What to produce -
Although the data below contains pictures, output only the lines between those holding "Phác Đồ Điều" and "Выдувная стеклянная бутылка", inclusive, exactly and without those pictures.

Extracted information -

▬▬▬▬▬▬▬▬▬▬

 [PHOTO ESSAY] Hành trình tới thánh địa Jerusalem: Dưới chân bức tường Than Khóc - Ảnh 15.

▬▬▬▬▬▬▬▬▬▬

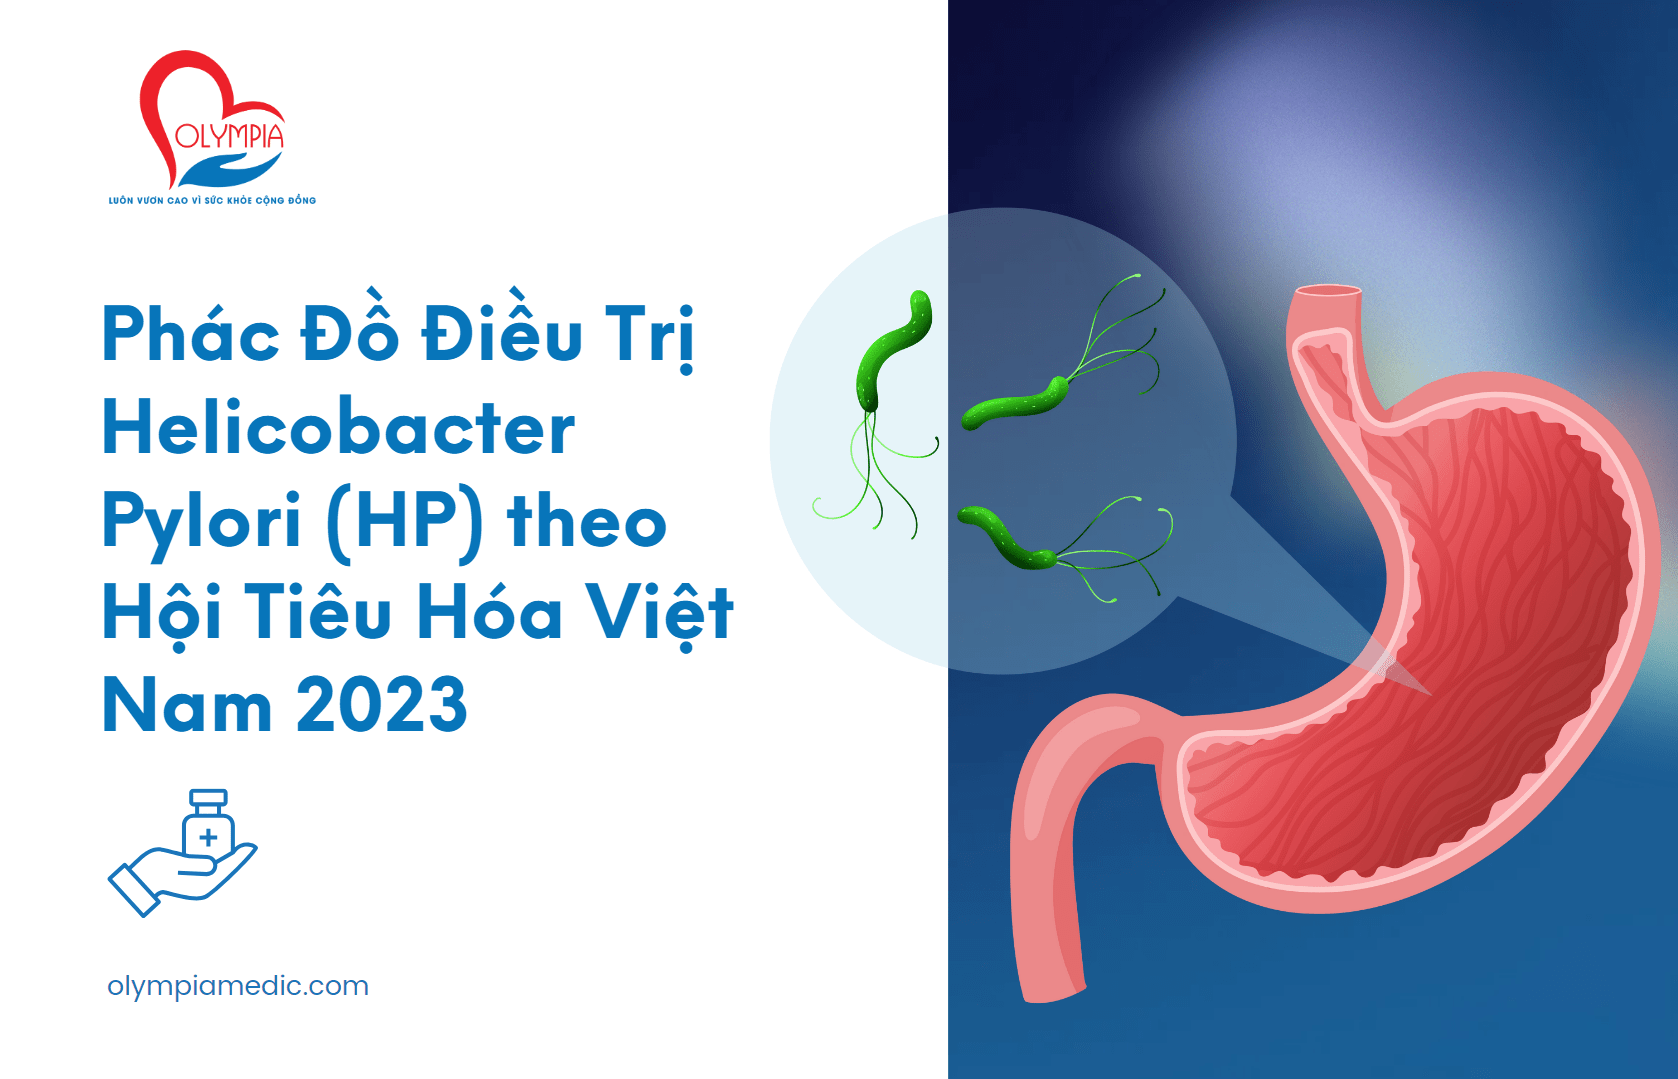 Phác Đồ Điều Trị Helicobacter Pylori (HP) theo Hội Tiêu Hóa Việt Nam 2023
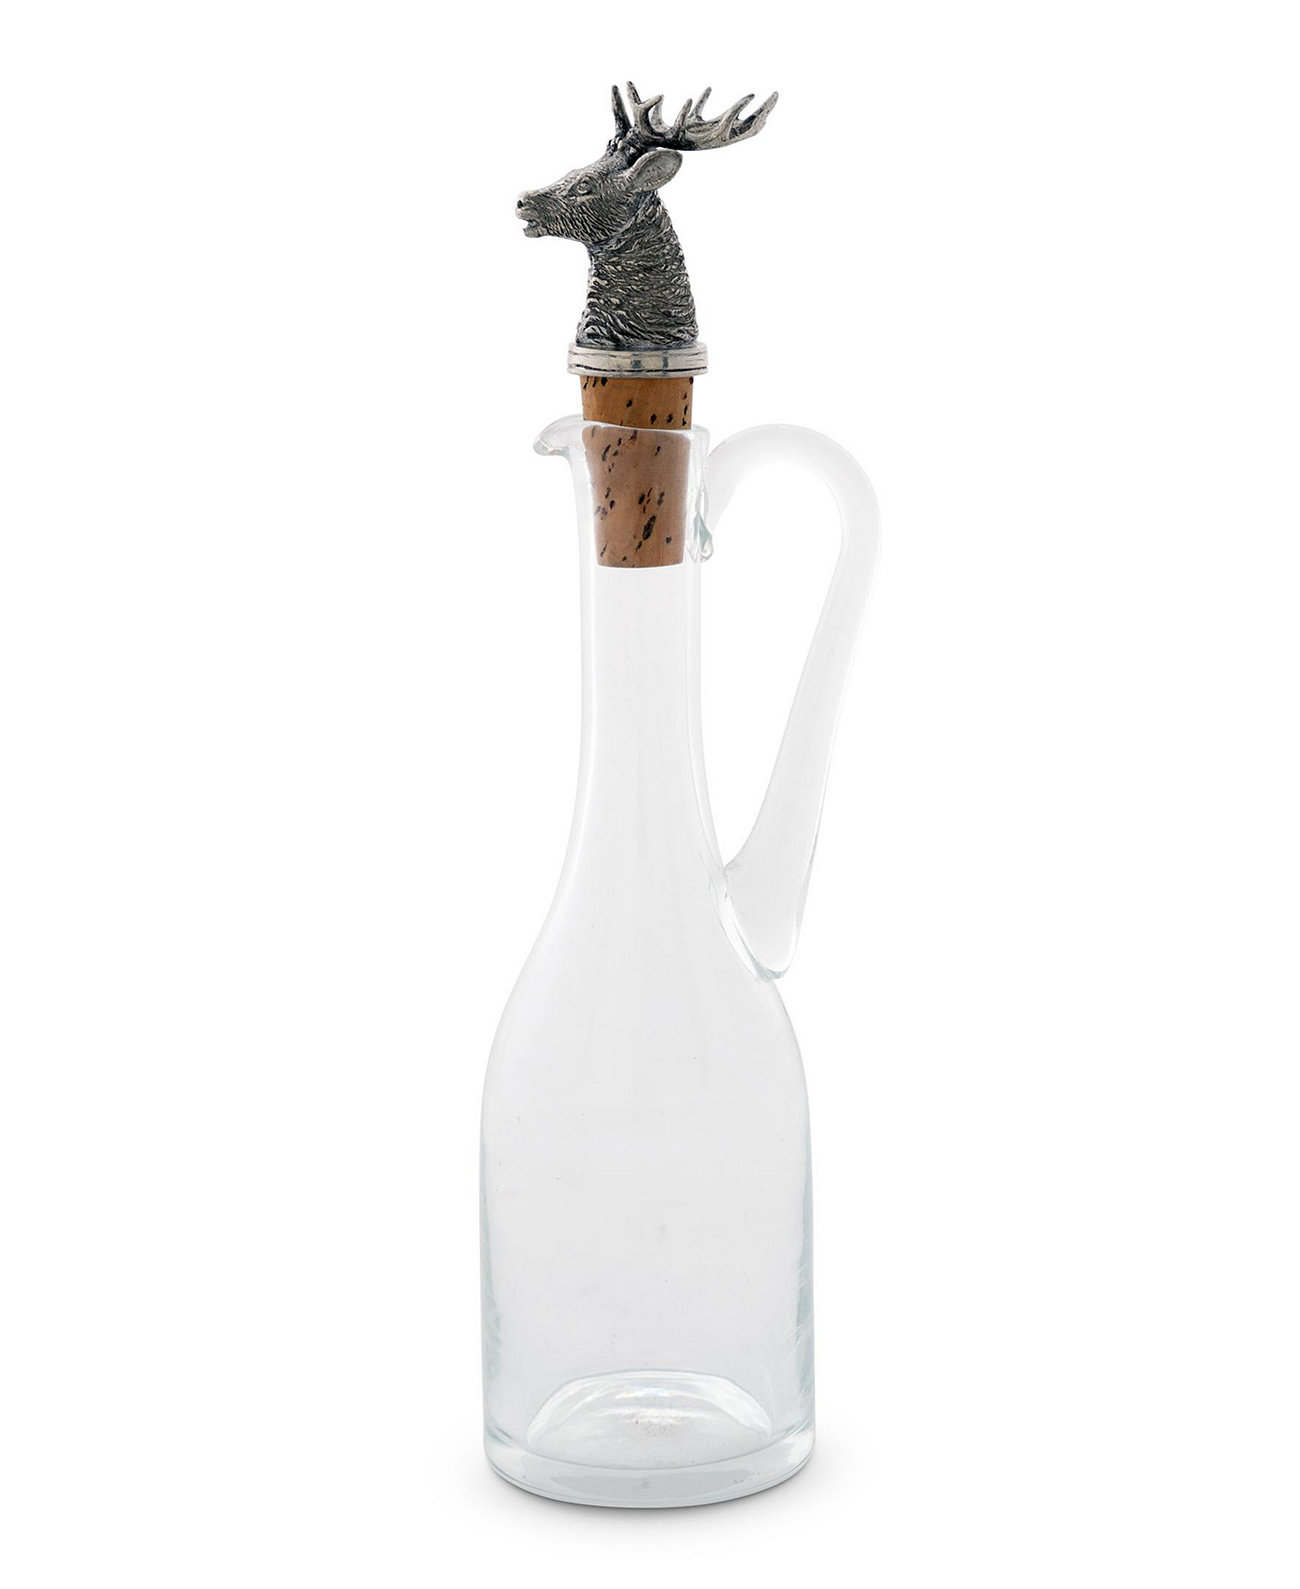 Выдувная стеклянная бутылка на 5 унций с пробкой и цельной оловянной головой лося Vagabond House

▬▬▬▬▬▬▬▬▬▬

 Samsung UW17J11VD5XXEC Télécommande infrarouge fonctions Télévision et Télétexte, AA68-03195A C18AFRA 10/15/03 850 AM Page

▬▬▬▬▬▬▬▬▬▬

Response below -
 Phác Đồ Điều Trị Helicobacter Pylori (HP) theo Hội Tiêu Hóa Việt Nam 2023
 Выдувная стеклянная бутылка на 5 унций с пробкой и цельной оловянной головой лося Vagabond House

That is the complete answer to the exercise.